Les jardins ouvriers de la rue Issanchou

par Chanchan

 

Voilà plus de soixante-dix ans qu’auraient été créés les jardins ouvriers de la rue Issanchou. Cent vingt lopins de terre nourricière sur près de quatre hectares que la commune de Montauban louerait pour une modeste somme aux familles les plus défavorisées depuis les années mille neuf cent quarante. Ces jardins seraient des oasis de verdure et de fleurs avec des cabanons, les gens y cultiveraient toutes sortes de légumes, y planteraient des fleurs, des plantes aromatiques et récolteraient multitude de fruits pour se nourrir. Ce serait un endroit qui fleurerait bon la campagne et où l’on valoriserait aussi la solidarité et tous les rites conviviaux en milieu urbain agrémenté par le chant des oiseaux et les bonnes odeurs de cuisine et de grillades. Les générations s’y réuniraient en toute occasion, pour les apéros, les repas, afin de déguster les produits issus de leur jardin pendant que les enfants joueraient. Les gens s’entraideraient, échangeraient, riraient et profiteraient de ce milieu paisible aux milles senteurs tout en respectant Dame nature. Chacun goûterait l’instant présent et serait heureux…

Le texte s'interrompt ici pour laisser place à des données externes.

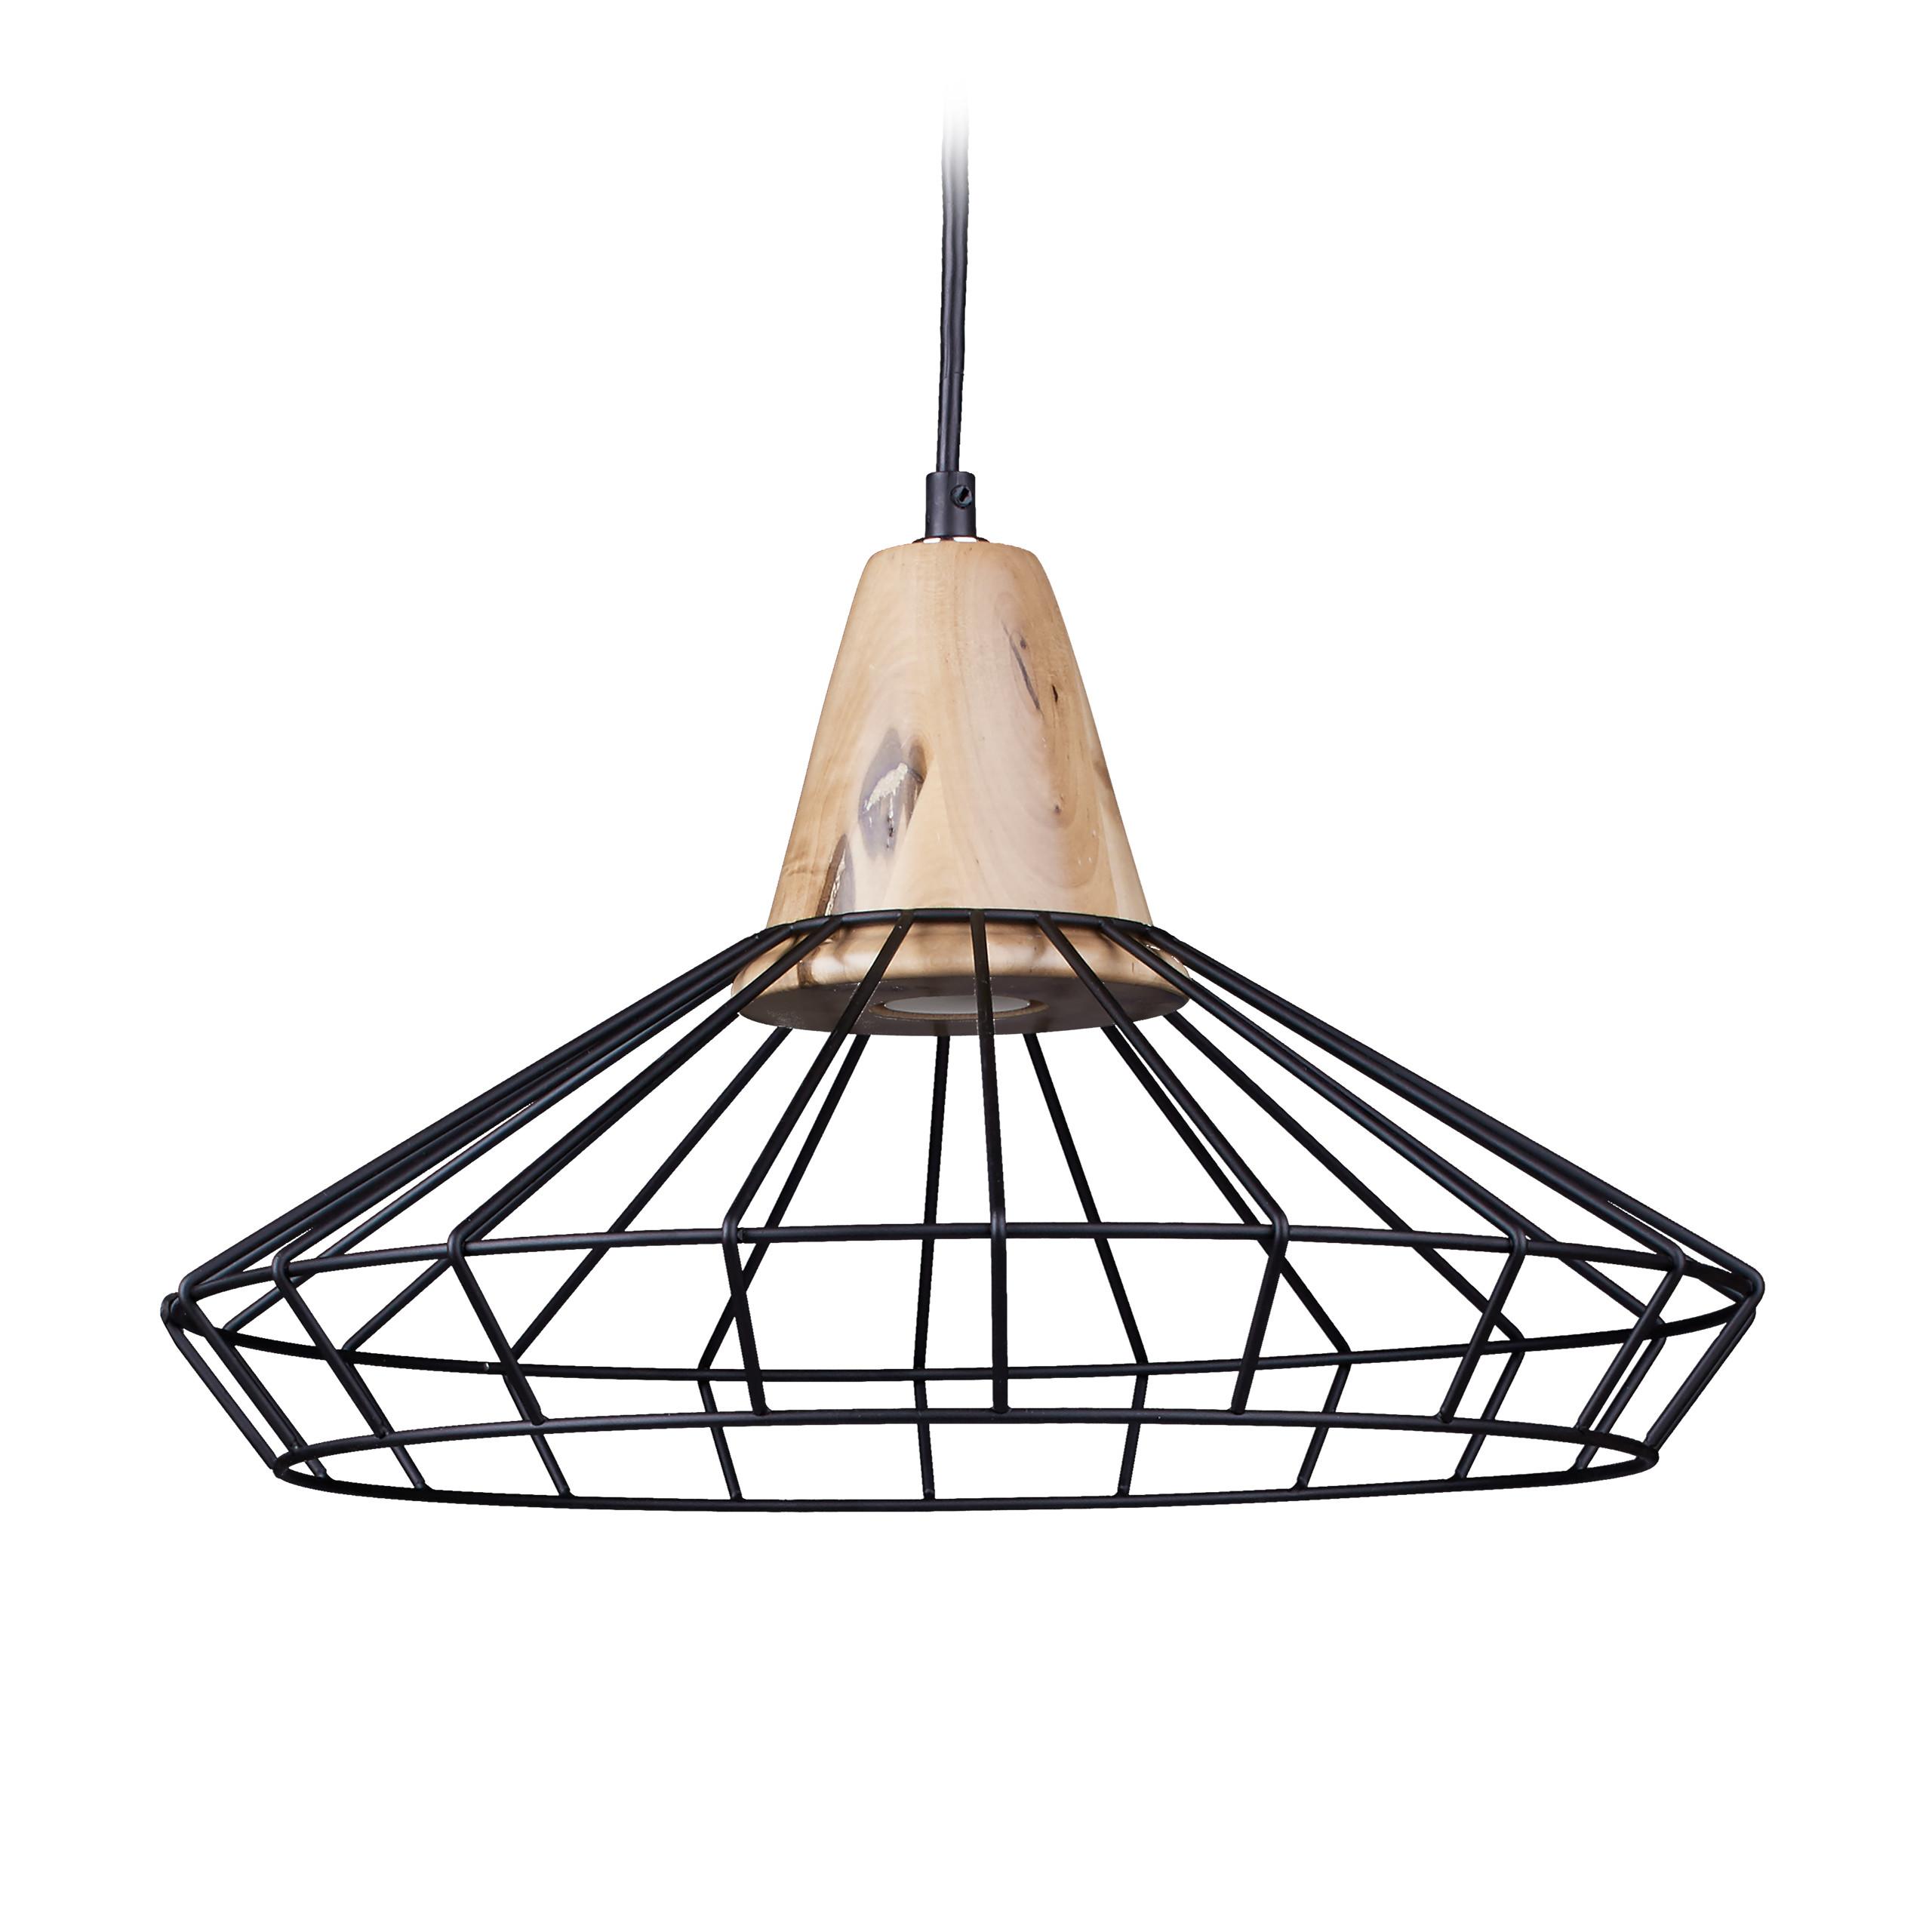 Design Pendelleuchte retro Metall und Holz Hängeleuchte E27 groß Deckenlampe

Tous les matins, Ferdinand se réveillerait à l’aube, s’habillerait de ses guenilles, ouvrirait la vieille fenêtre de sa cabane faite de bric et de broc plantée sur son lopin de terre, jardinerait, planterait, sèmerait et arroserait ses légumes et fleurs en compagnie des oiseaux, des lapins et chats du quartier. Ferdinand, orphelin de parents décimés par la grippe espagnole dans les années mille neuf cent vingt. Ferdinand toujours rejeté par les autres, Ferdinand le pestiféré que l’on devait éviter et isoler à tout prix pour ne pas être contaminé.

Il imaginerait que ses voisins le salueraient, lui souriraient, l’aideraient et qu’il pourrait en faire de même. Mais personne…

Il semblerait qu’il soit décédé dans l’anonymat et dans la solitude la plus totale, enterré au fond de son jardin, mais il paraîtrait qu’à cet endroit-là, tous les jours des oiseaux viendraient se percher sur la croix de bois pour y chanter et qu’une multitude de fleurs s’épanouiraient toute l’année en couronne pour lui rendre hommage.

Aujourd’hui, Noélie la nouvelle locataire de cette parcelle, viendrait certains soirs vers dix-huit heures, après son travail d’infirmière, s’y ressourcer en pleine lutte sur l’épidémie de coronavirus au Centre hospitalier. Elle suivrait les consignes sanitaires gouvernementales et porterait un masque sur son nez et sa bouche, parlerait aux voisins avec une distance d’au moins un mètre cinquante pour éviter la propagation du virus et évoquerait, entre autres, la pandémie de la grippe espagnole qui aurait fait à l’époque beaucoup de morts.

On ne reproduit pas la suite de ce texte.